Why Therapeutic Nutrition Matters
Our diets and the foods we eat can have a massive impact on our mental health, so it is crucial to fill our plates and stomachs with nutrient-rich foods. The standard American diet (SAD), which is also sometimes referred to as the Western diet, is characterized by a high intake of red meat, processed foods, sweets, and fried foods. It is high in sugar and fat, and is highly processed overall. Studies have shown that when comparing the standard American diet to more “traditional” diets, such as the Mediterranean Diet—which is higher in fruits and vegetables and does not contain processed foods—the risk of depression is 25% to 35% lower.
We can develop nutritional deficiencies when we lack the vital nutrients our body needs to function properly, and these nutritional deficiencies can affect both our physical and mental wellbeing. For example, magnesium deficiency can lead to irritability, anxiety, and sleep disorders, among other symptoms. Iron deficiency, which is the most common nutritional deficiency in the world, can lead to symptoms of depression, as well as extreme fatigue, apathy, and poor concentration. Data suggests individuals deficient in Vitamin D may experience symptoms of depression as well. Other vitamins and minerals that play important roles in cognitive function include B vitamins and Omega-3 fatty acids.
It is crucial to establish a baseline of health founded on a nutritionally dense diet through therapeutic nutrition. Supplements may be able to fill in nutritional gaps, but diets high in sugar and processed foods can cause inflammation and disruption throughout the mind and body that cannot be masked or treated by a handful of supplements. A balanced diet through therapeutic nutrition is a key component of recovery from addiction and to support sustained mental wellbeing.
As a certified yoga instructor, Stephanie will instruct group yoga, breathwork, and meditation sessions, all of which were highly beneficial during her own personal recovery journey.

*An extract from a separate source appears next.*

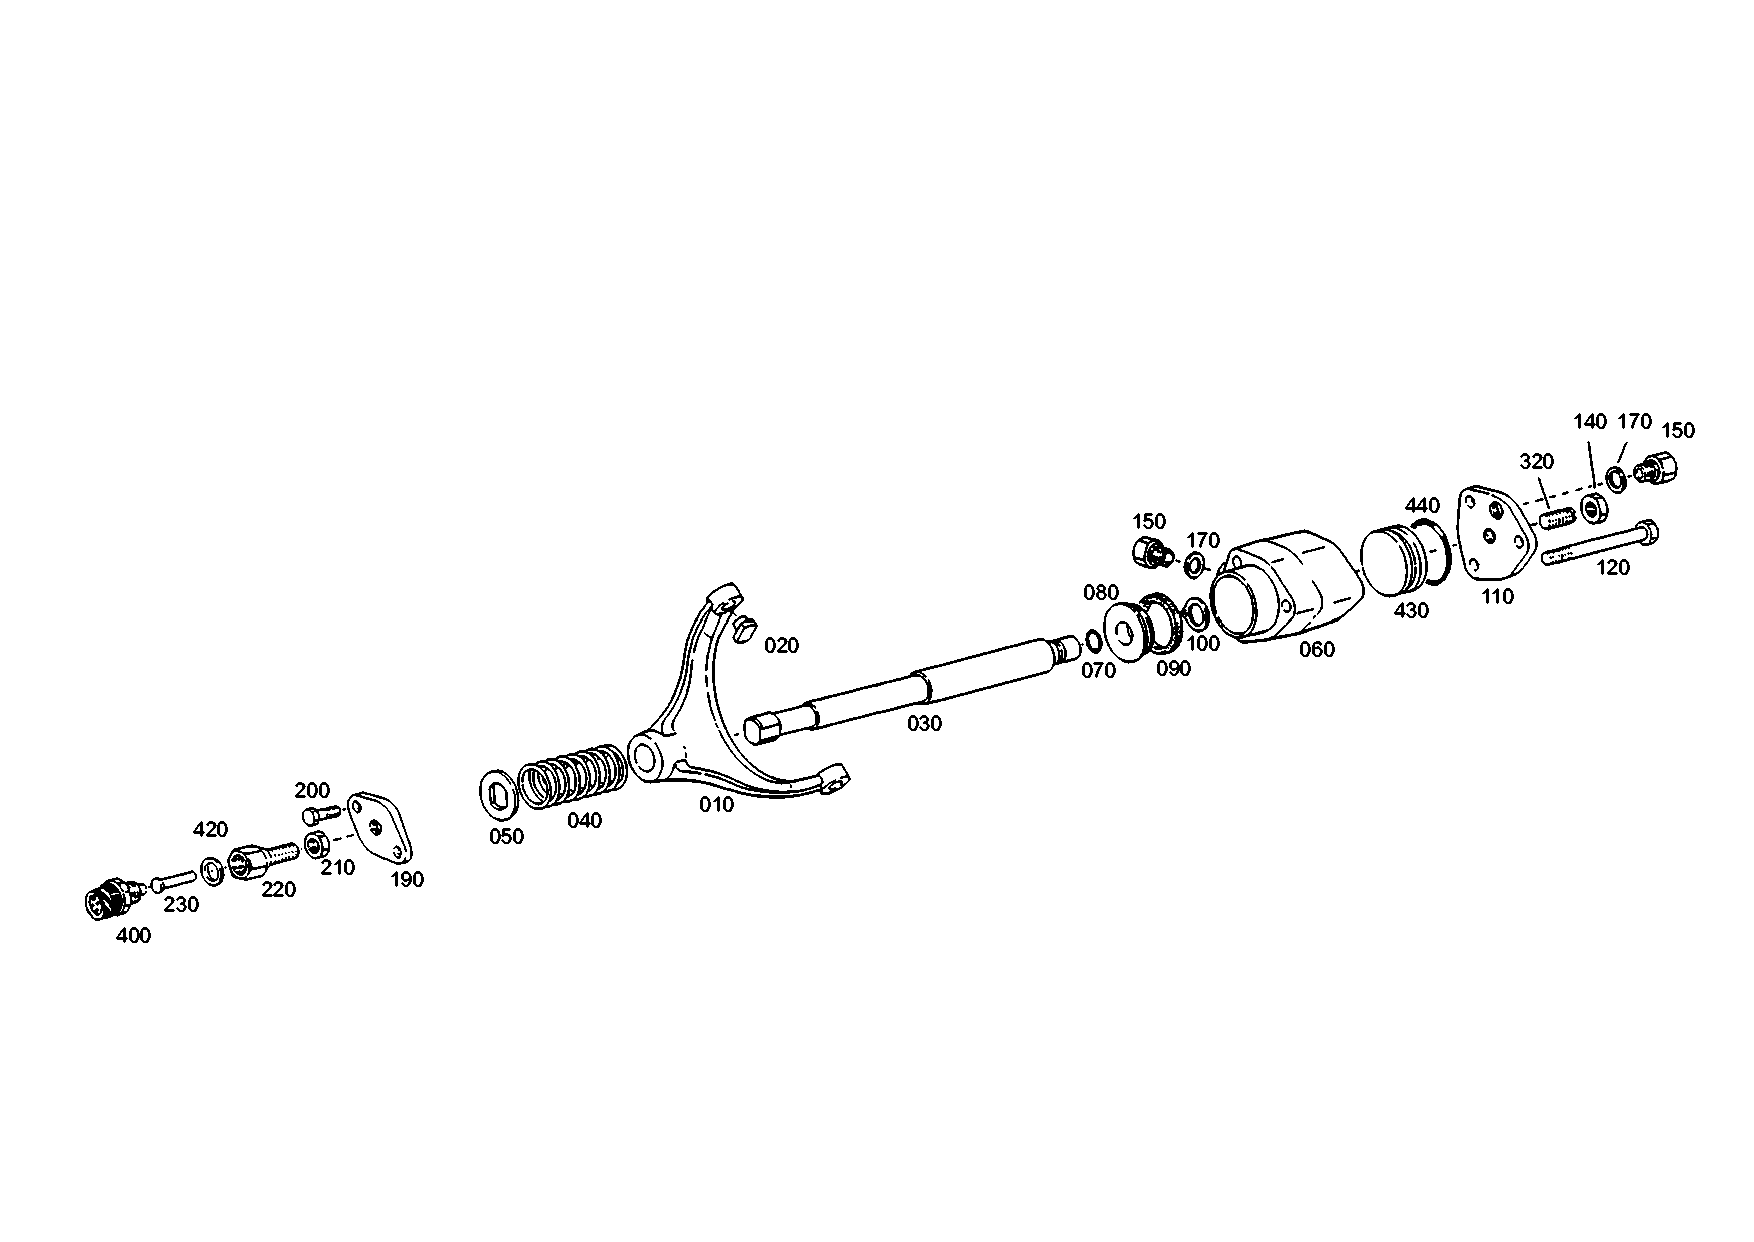 drawing for XUZHOU 171600240025 - GEAR SHIFT FORK (figure 1)

Benefits of Holistic Exercise
Holistic exercise, particularly when coupled with therapeutic nutrition, can have profound effects on a person’s physical, mental, and emotional wellbeing. Holistic exercises such as breathwork, yoga, and meditation are anchored by the practice of mindfulness, which has been proven to have a multitude of positive effects on the mind and body.
Benefits of holistic exercise include:
- Reduces stress
- Improves cognition
- Reduces anxiety
- Boosts energy levels
- Reduces chronic pain
- Improves mood
- Improves sleep
Despite being ancient traditions, much clinical research has been done in recent years on the benefits and impact of mindfulness and holistic exercise to treat a myriad of conditions, including substance abuse and addiction. In a study on the effectiveness of mindfulness-based interventions (MBIs) on substance abuse disorders, researchers included 24 studies from 2011 to 2014, to review current evidence on the therapeutic efficacy of MBIs for substance use and misuse (SUM.)
Their findings state:
Current evidence suggests that MBIs can reduce the consumption of several substances including alcohol, cocaine, amphetamines, marijuana, cigarettes, and opiates to a significantly greater extent than waitlist controls, non-specific educational support groups, and some specific control groups.

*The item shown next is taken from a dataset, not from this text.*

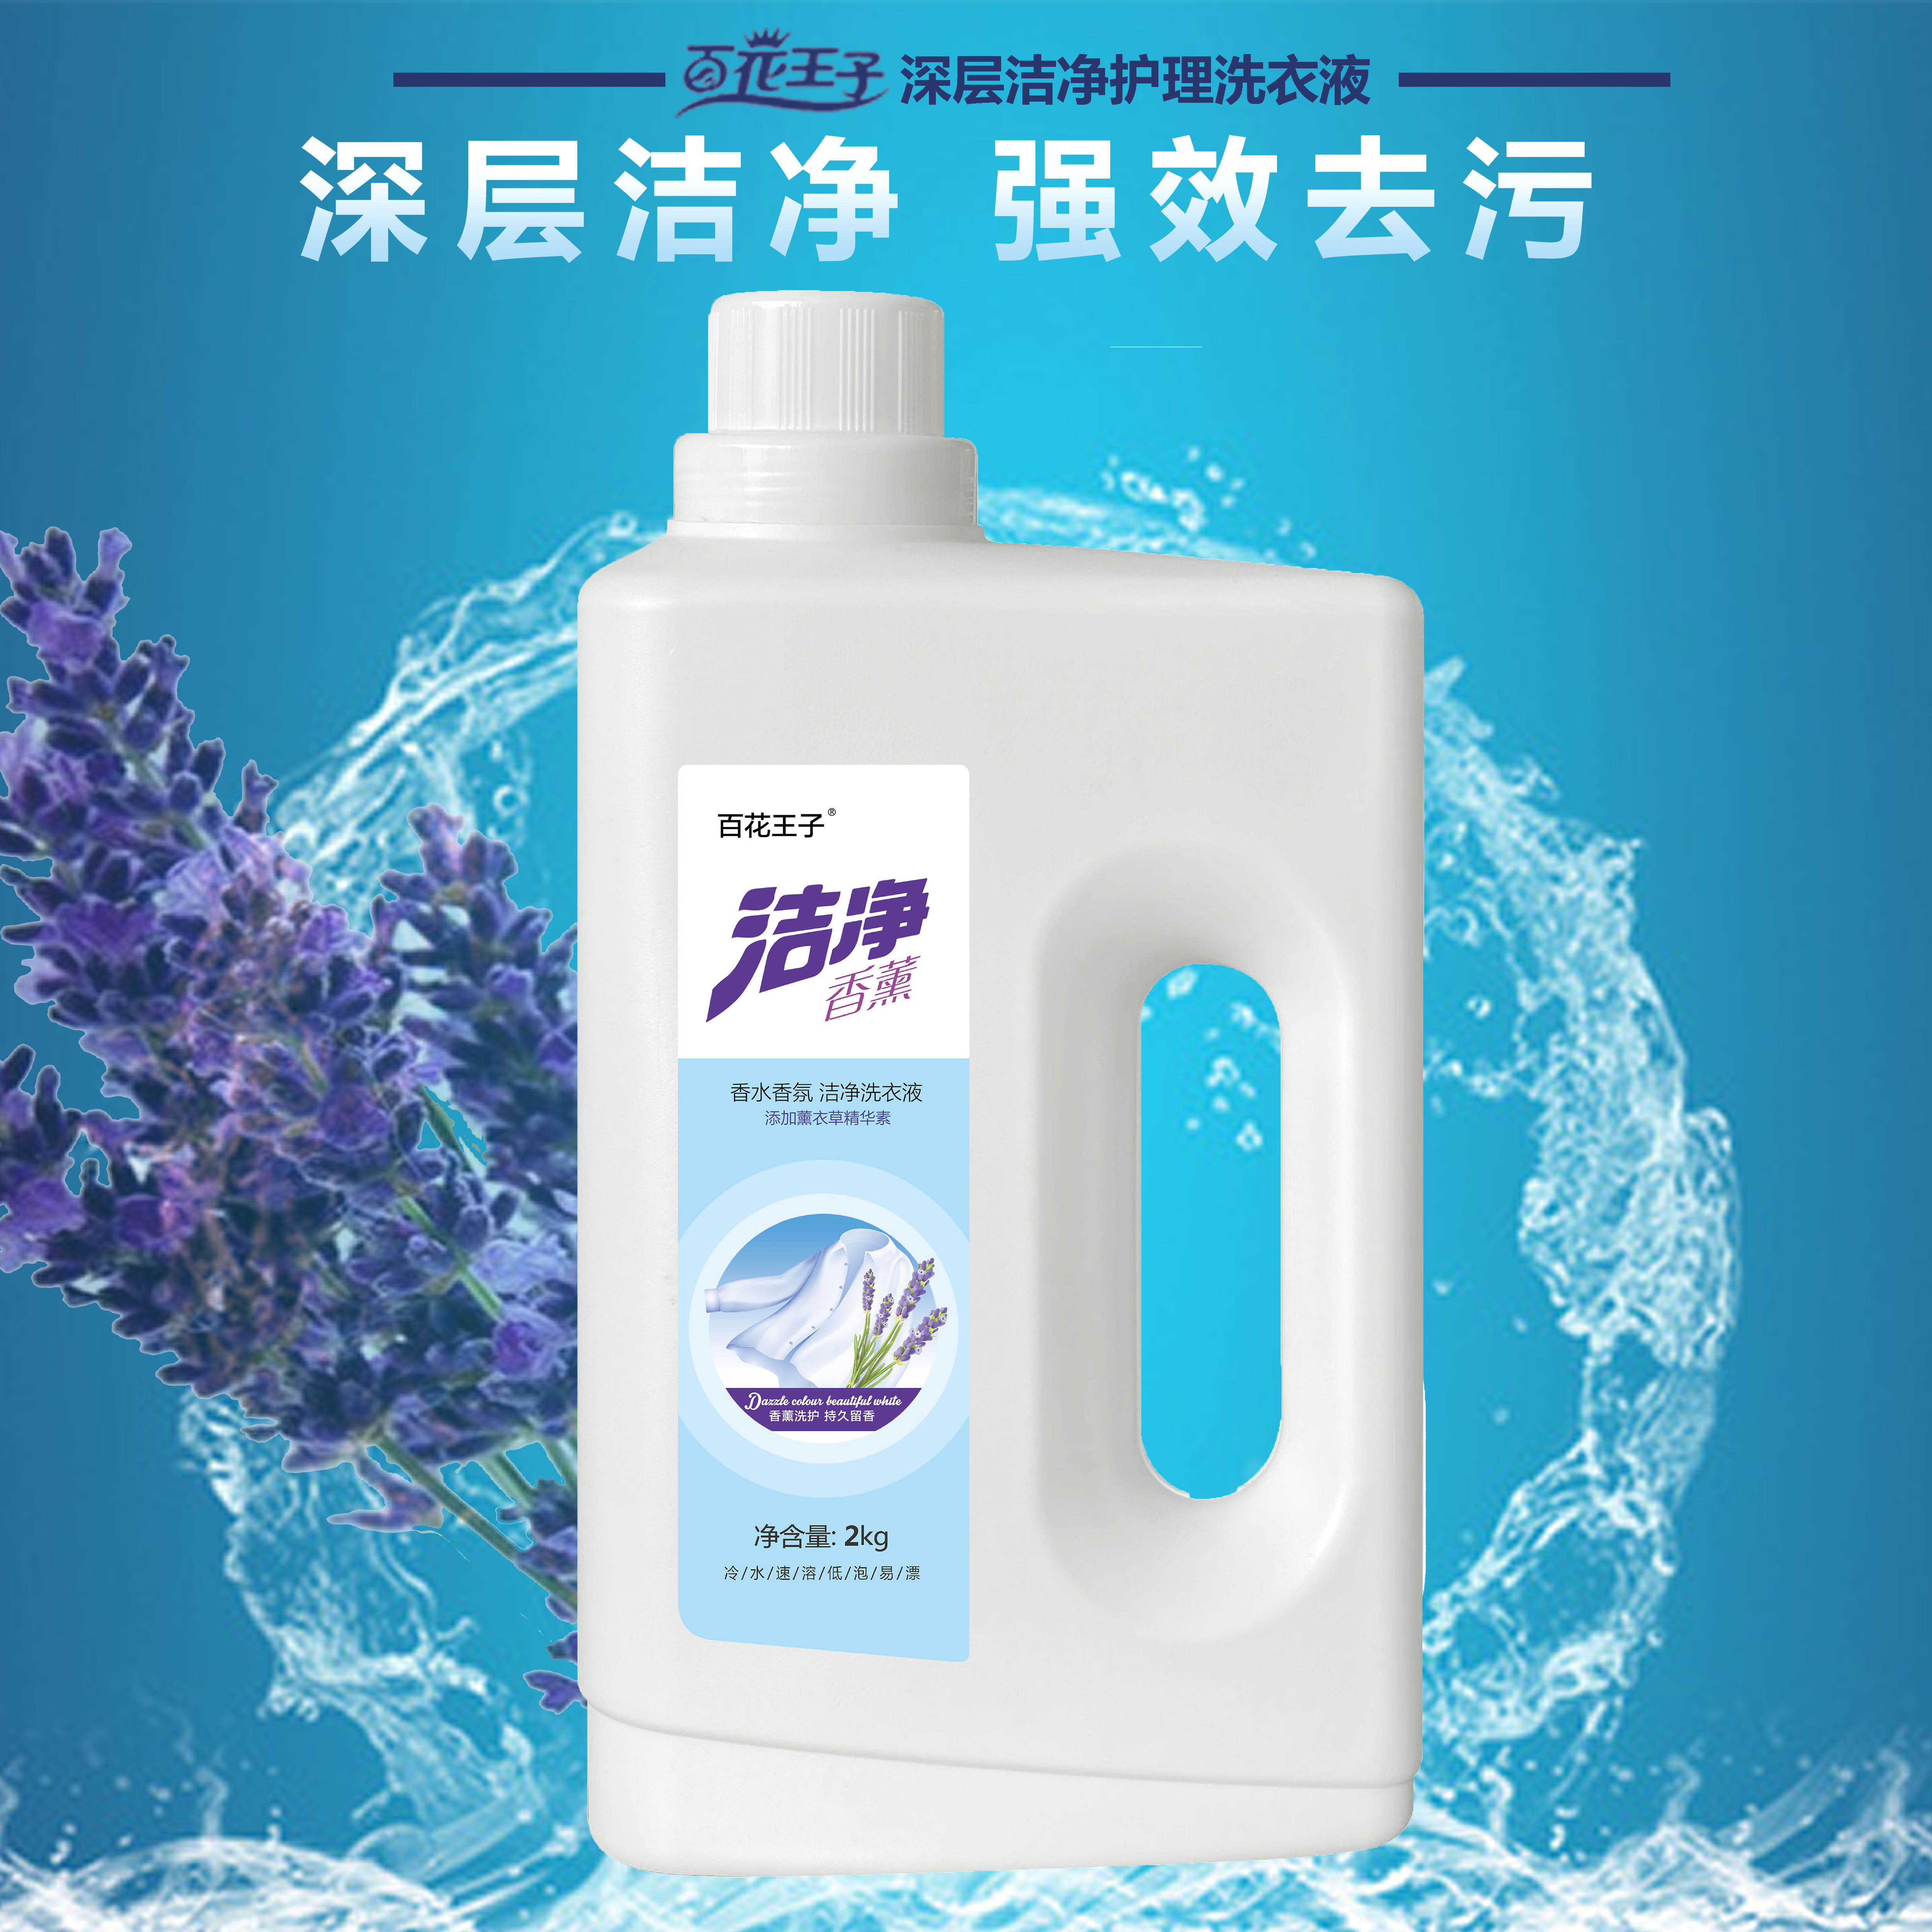 驻马店许昌为什么使用河南洗衣液代加工生产厂家的的洗衣液比普通肥皂更好？

Holistic exercise also complements therapeutic nutrition in its ability to improve digestion. Stress can greatly impact our body’s ability to digest food properly, and is even linked to some of the most common gastrointestinal issues that plague many people each day, such as Irritable Bowel Syndrome (IBS). Through stress-reducing practices like yoga, meditation, and mindful eating, which is the practice of reducing distractions and being full attentive to your food while eating, our gut, along with the rest of us, can maintain a more relaxed state, which allows for more normal digestive processes and assimilation.